● Instructions to follow: Reproduce the full listing below unchanged, apart from the pictures.

● Supplied data:
::::::::::

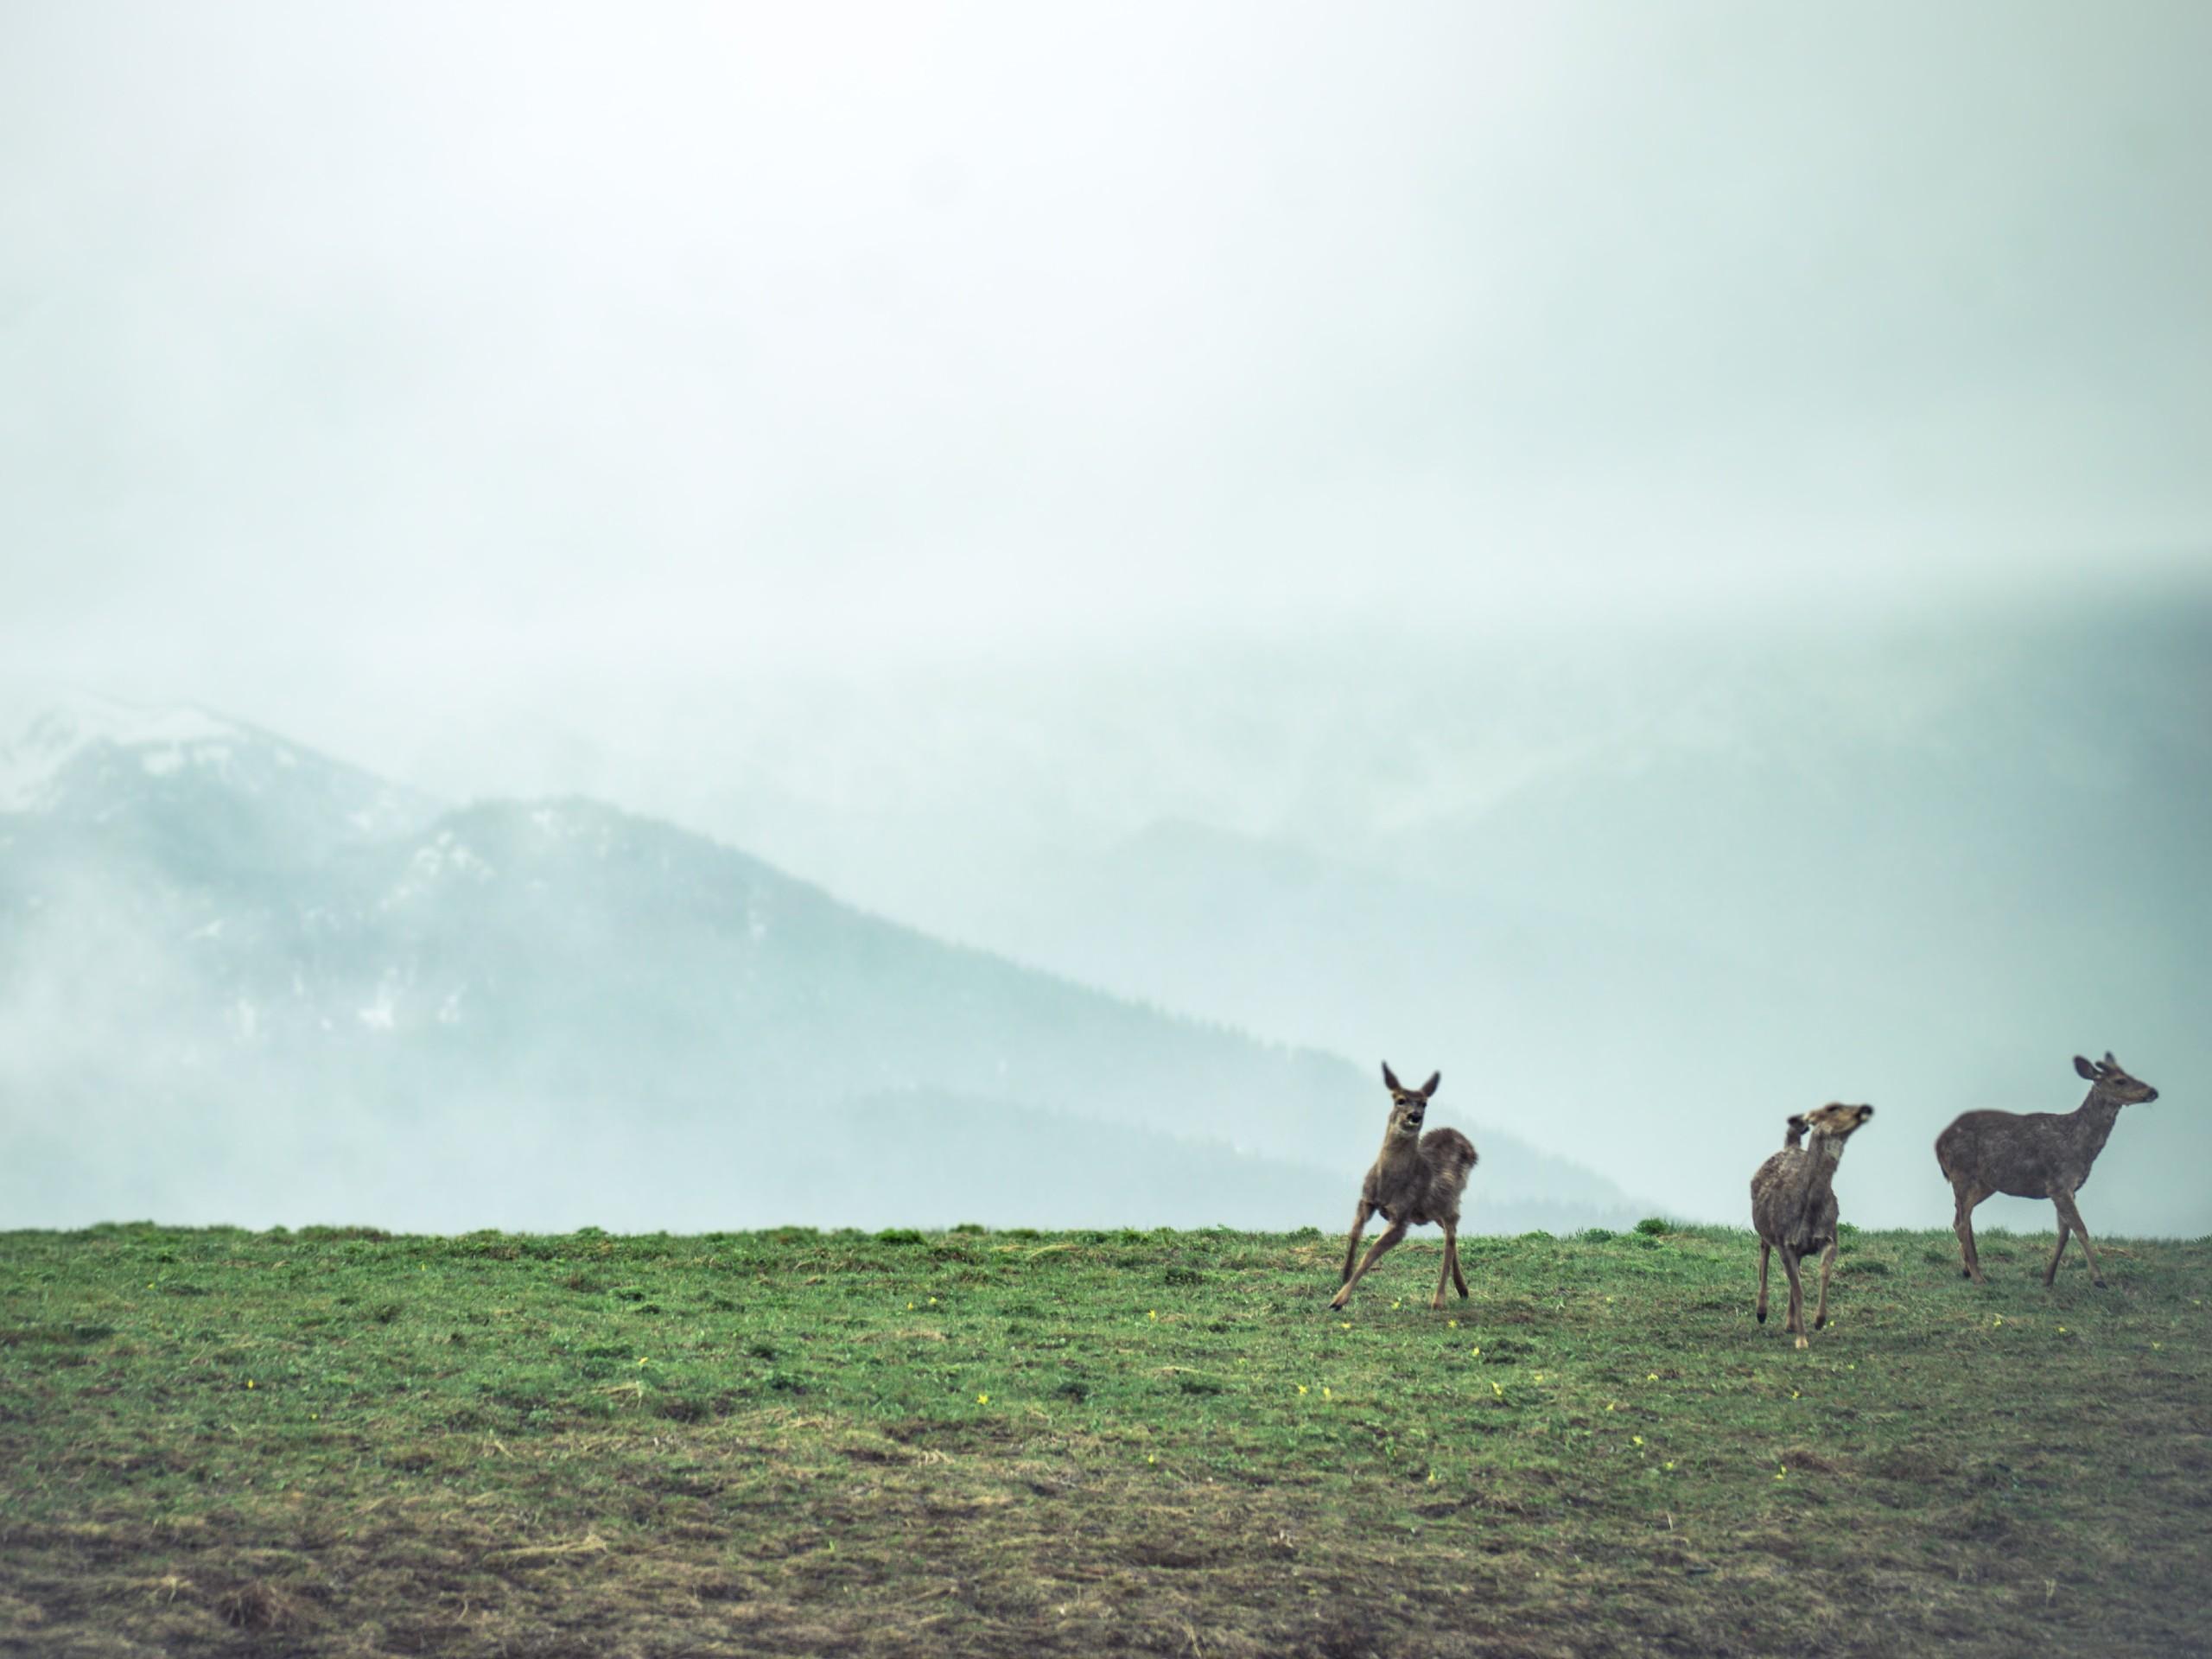 Three deer Port Angeles (olympic national park)
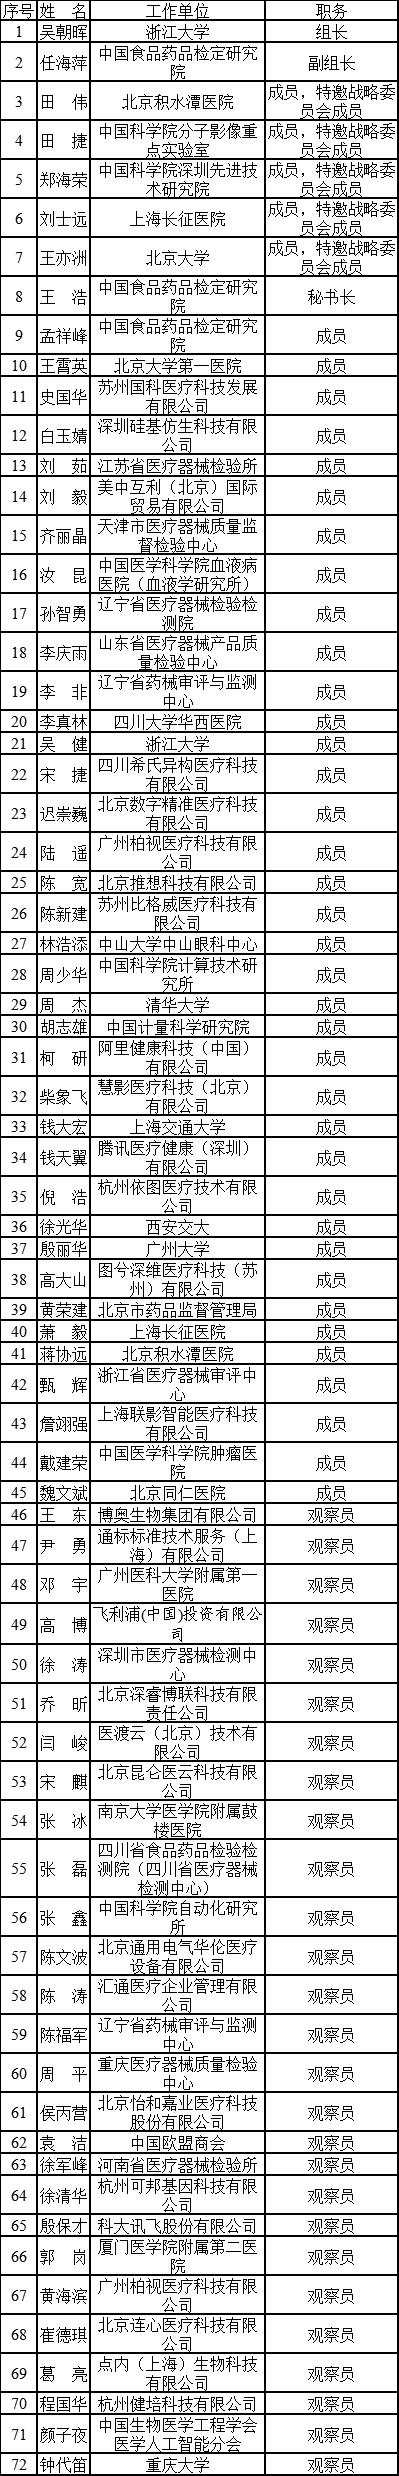 Name list3
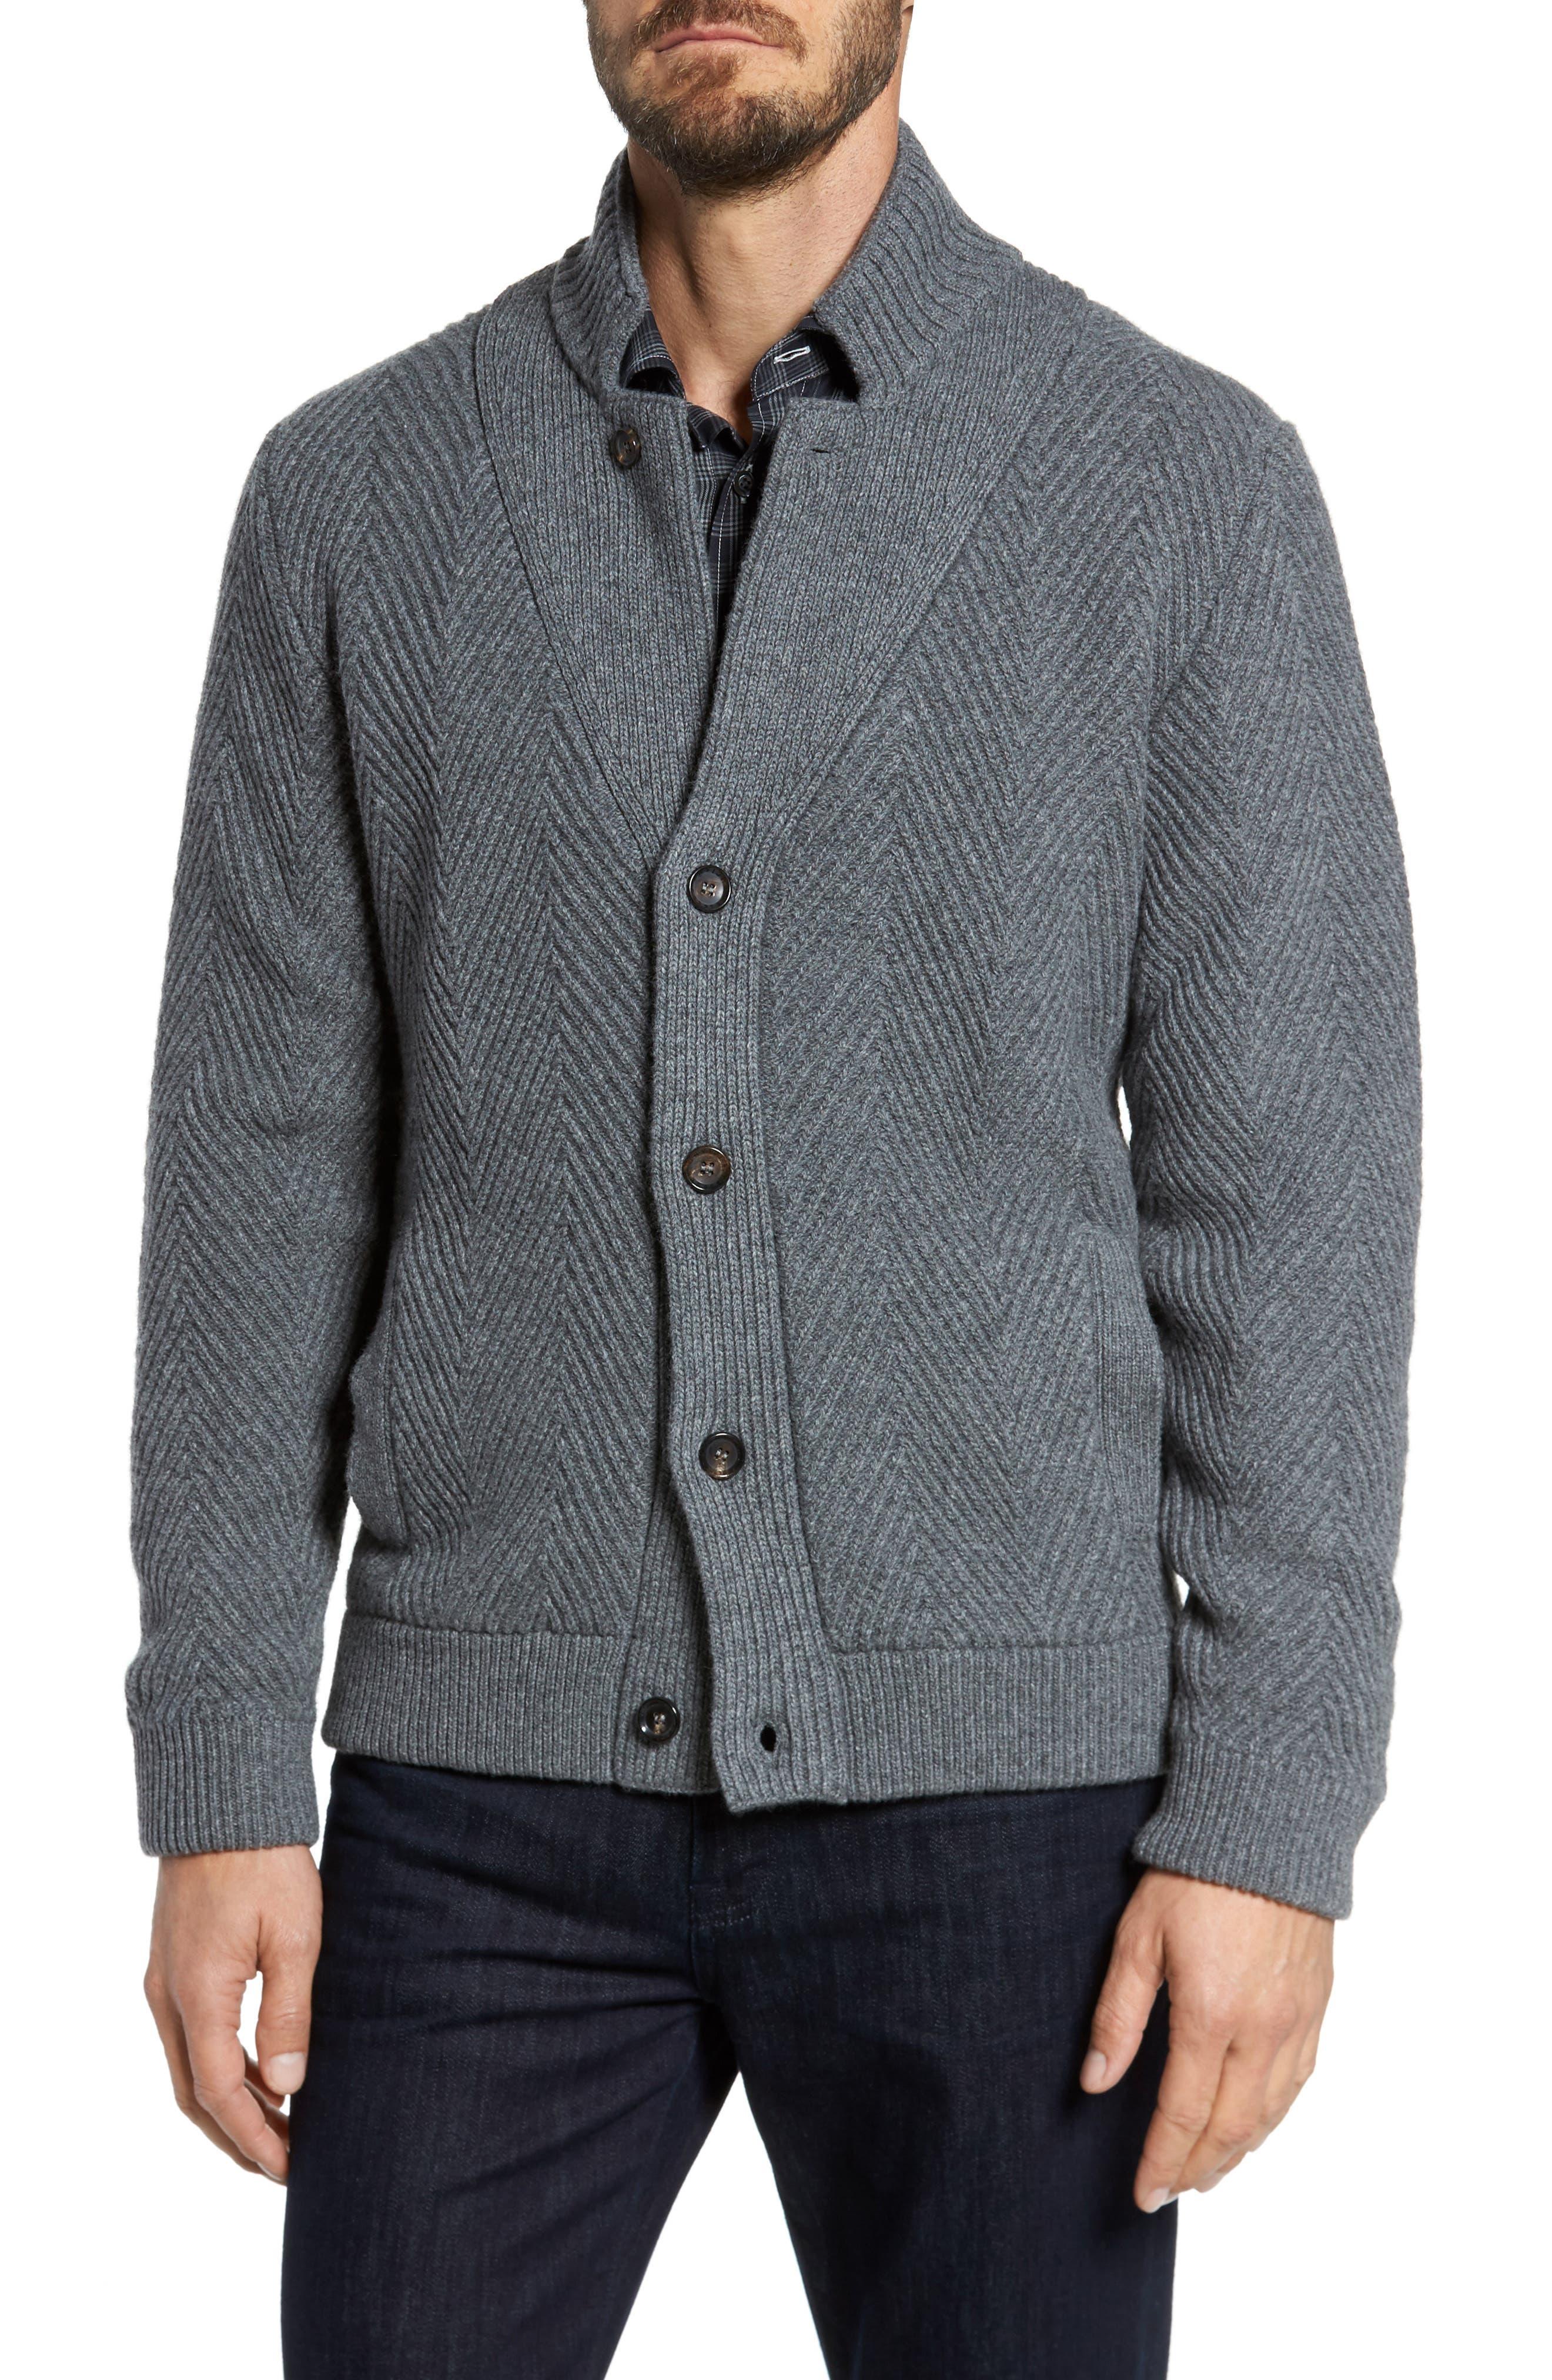 Luciano Barbera Herringbone Wool & Cashmere Cardigan

::::::::::

● Result of this task:
 Three deer Port Angeles (olympic national park)
 Name list3
 Luciano Barbera Herringbone Wool & Cashmere Cardigan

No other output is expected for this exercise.